# What to produce
One exact copy of the listing, minus the images, is the required answer.

# Data block

· · · · ·

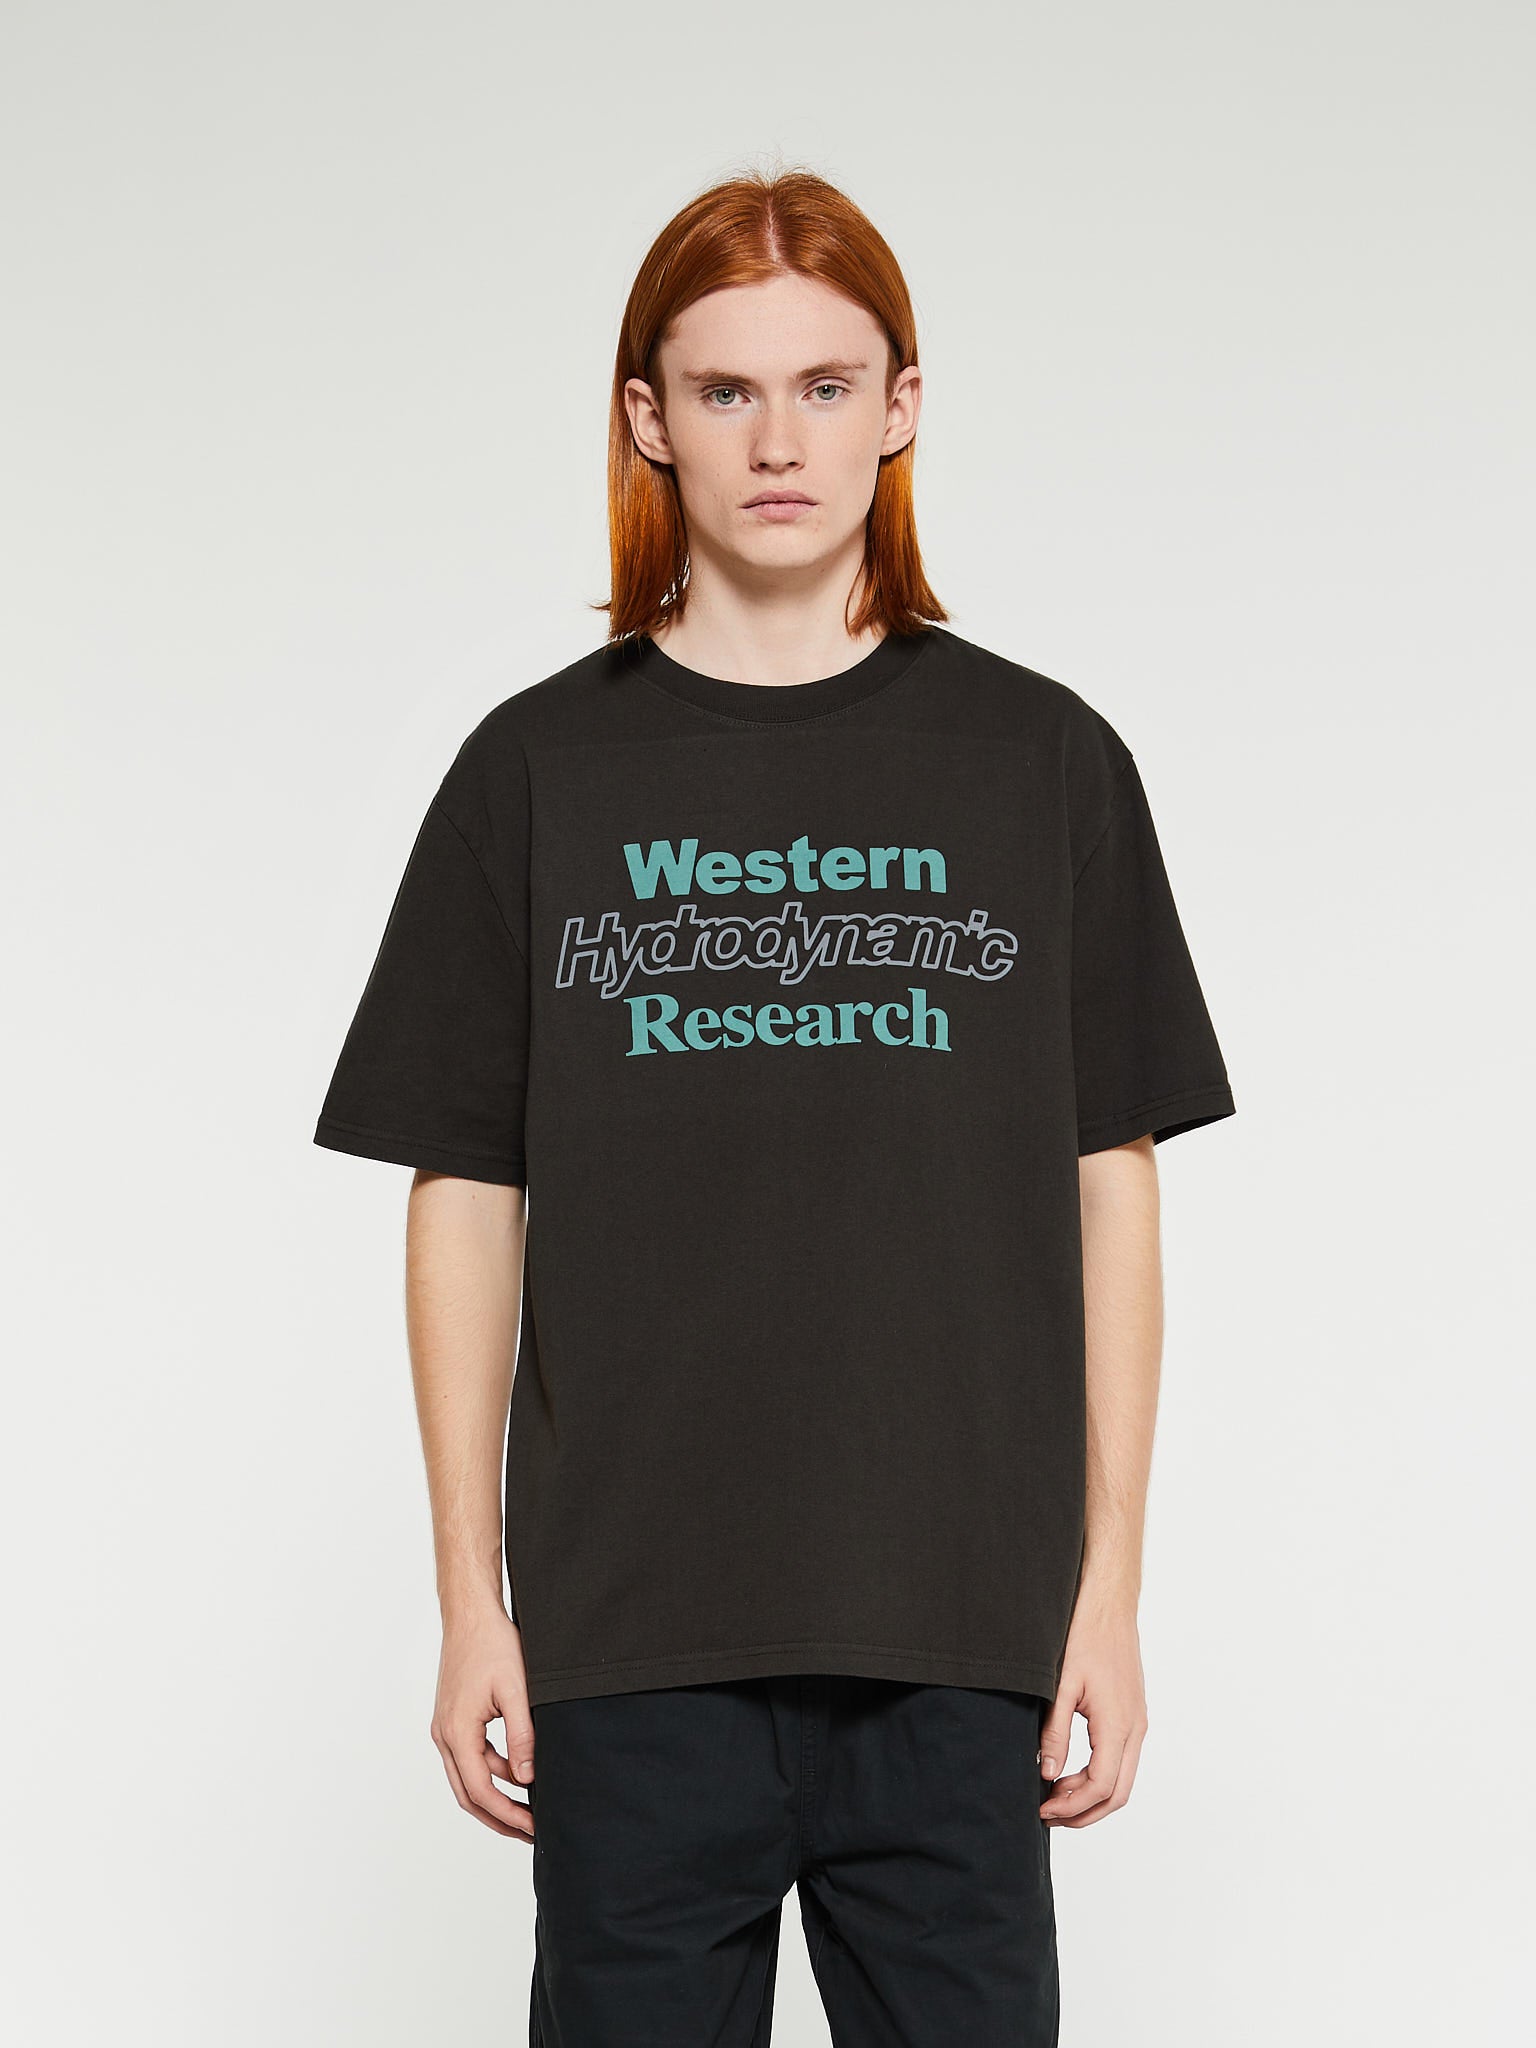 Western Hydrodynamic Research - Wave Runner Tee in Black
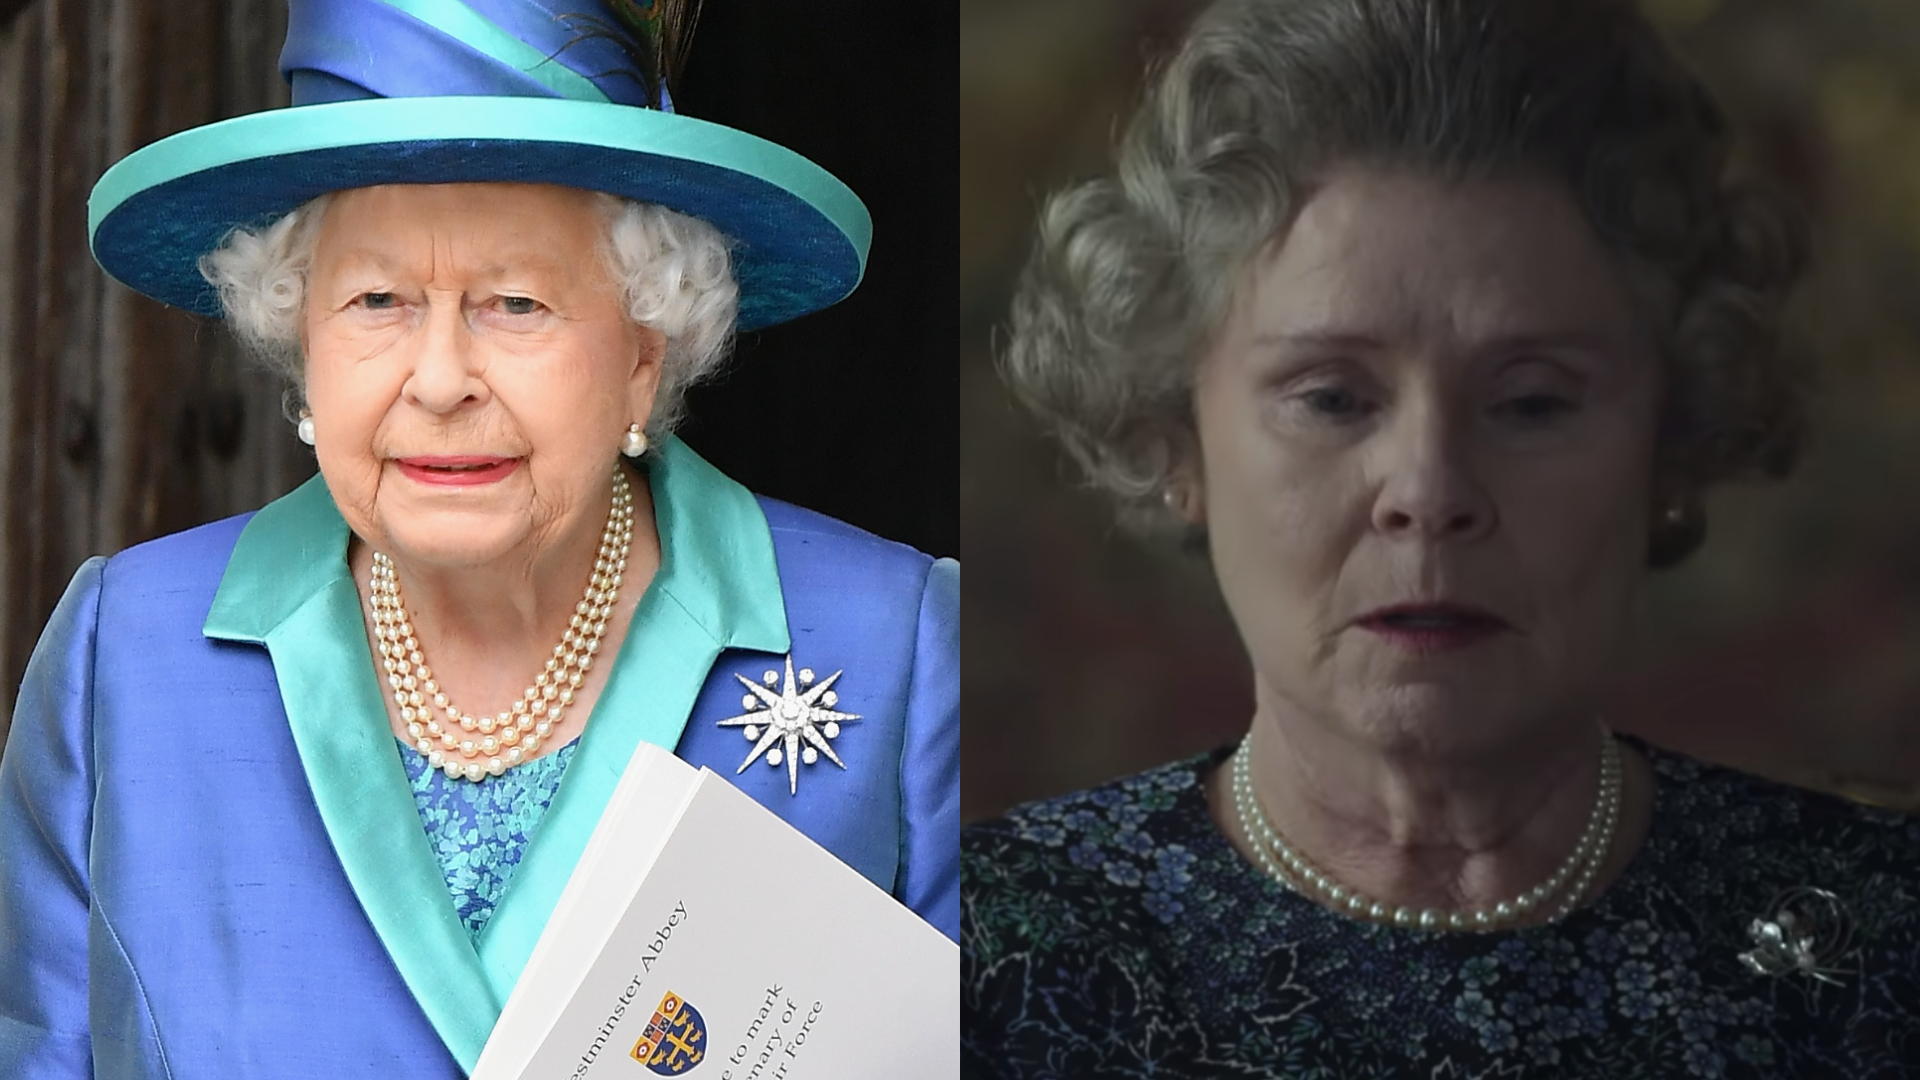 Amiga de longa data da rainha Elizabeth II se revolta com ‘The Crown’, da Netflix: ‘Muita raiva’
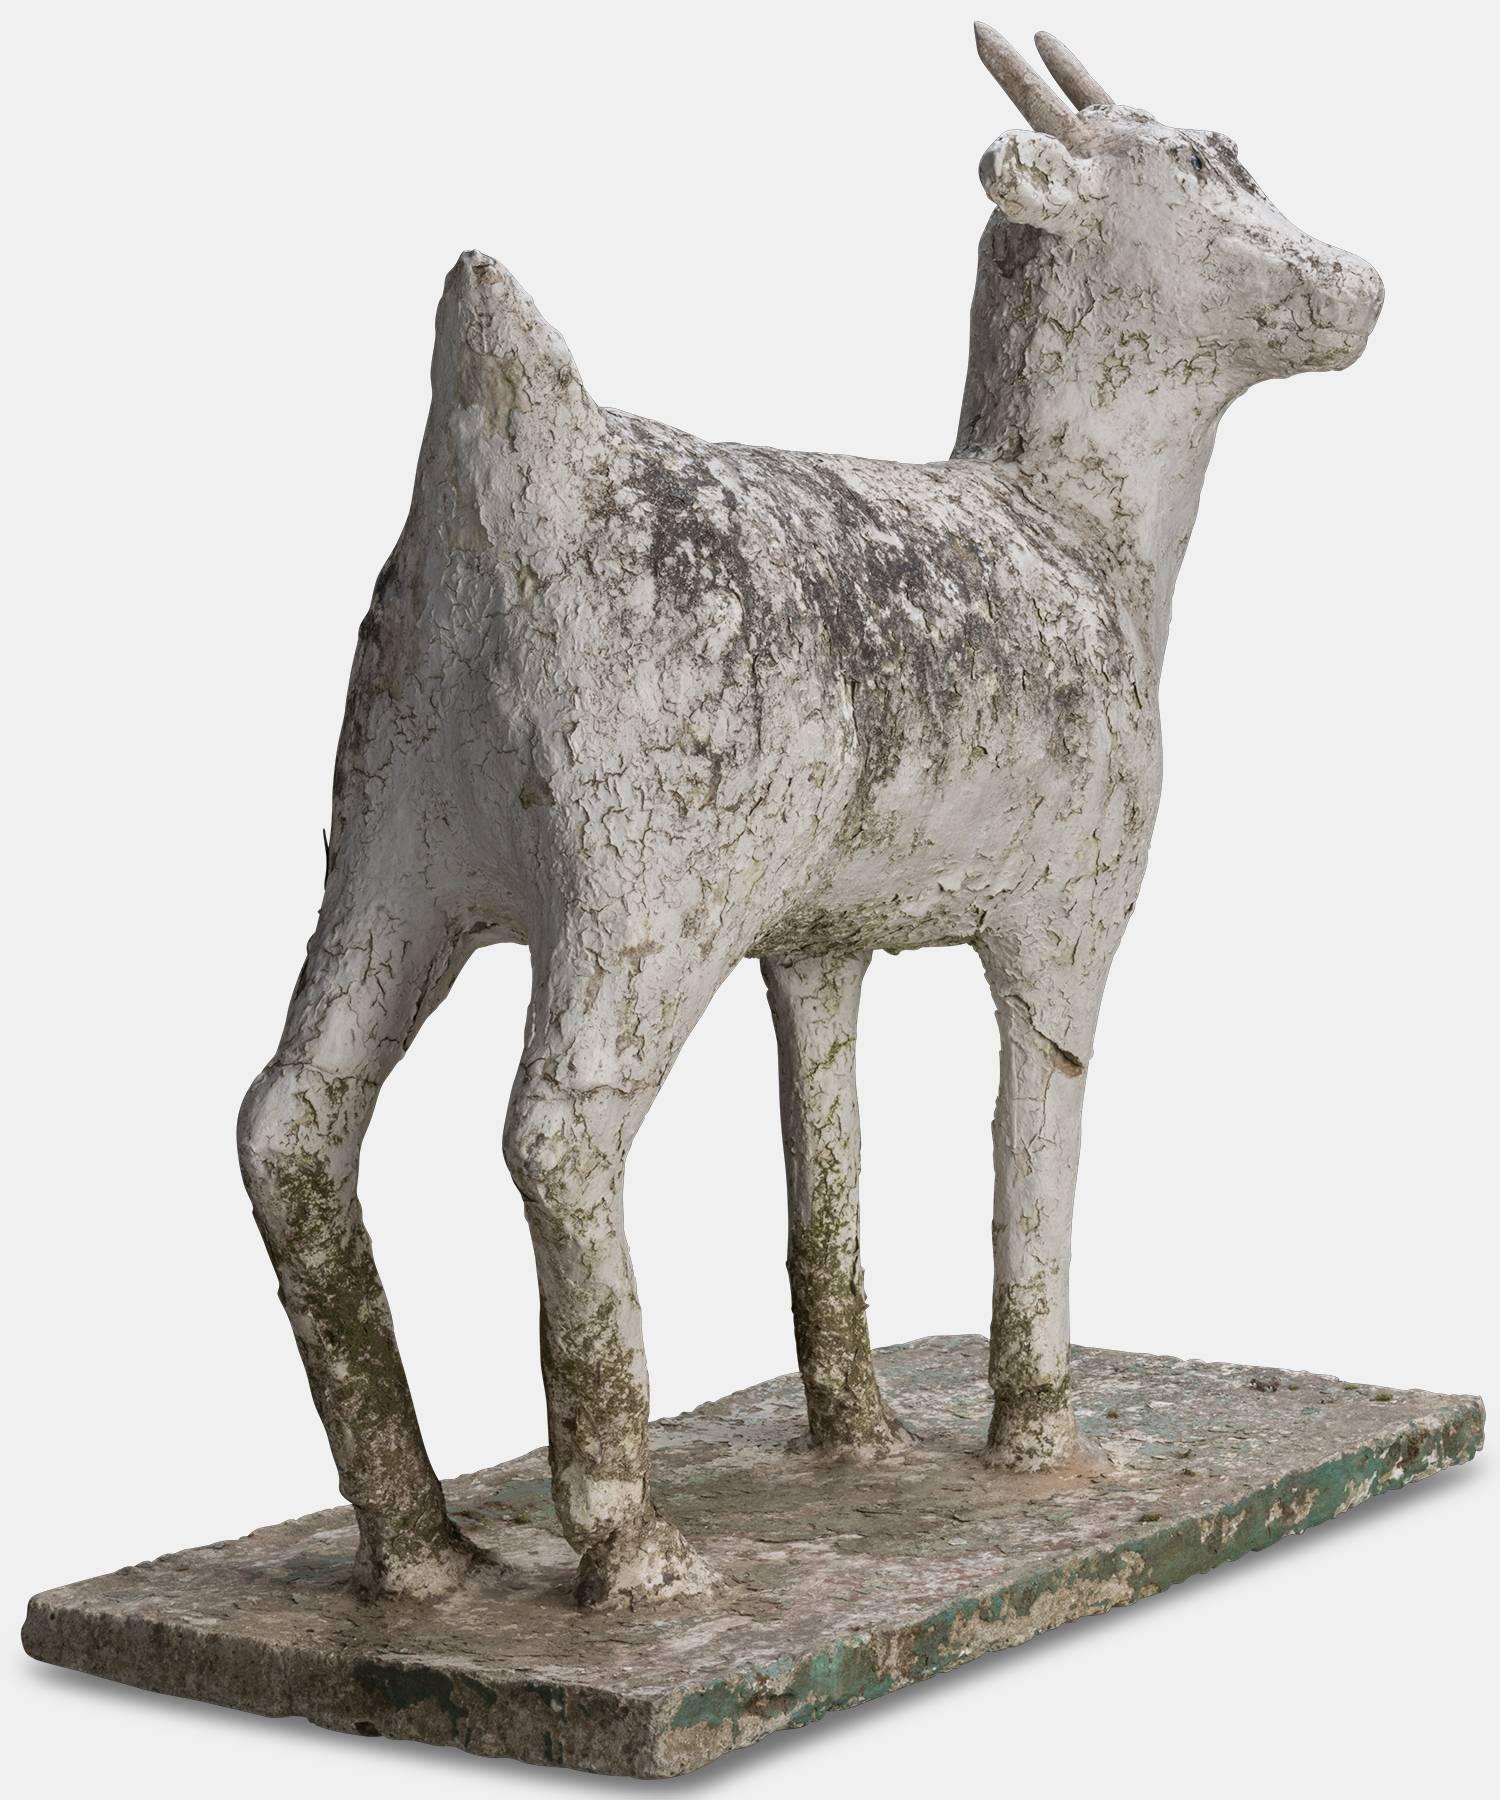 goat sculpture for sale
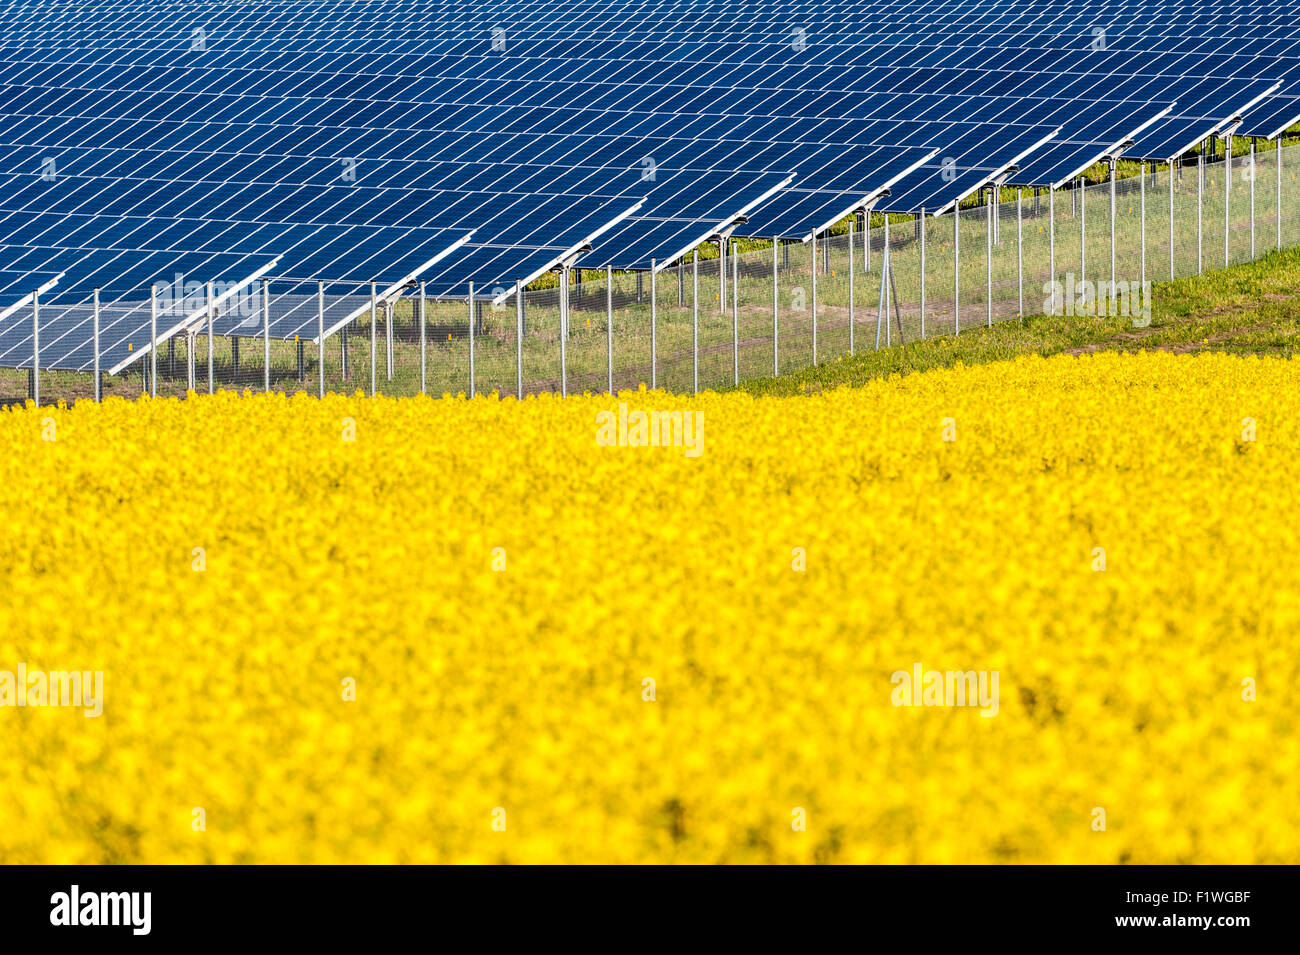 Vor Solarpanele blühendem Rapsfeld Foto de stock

· · · · ·

# Answer area
 Western Hydrodynamic Research - Wave Runner Tee in Black
 Amiga de longa data da rainha Elizabeth II se revolta com ‘The Crown’, da Netflix: ‘Muita raiva’
 goat sculpture for sale
 Vor Solarpanele blühendem Rapsfeld Foto de stock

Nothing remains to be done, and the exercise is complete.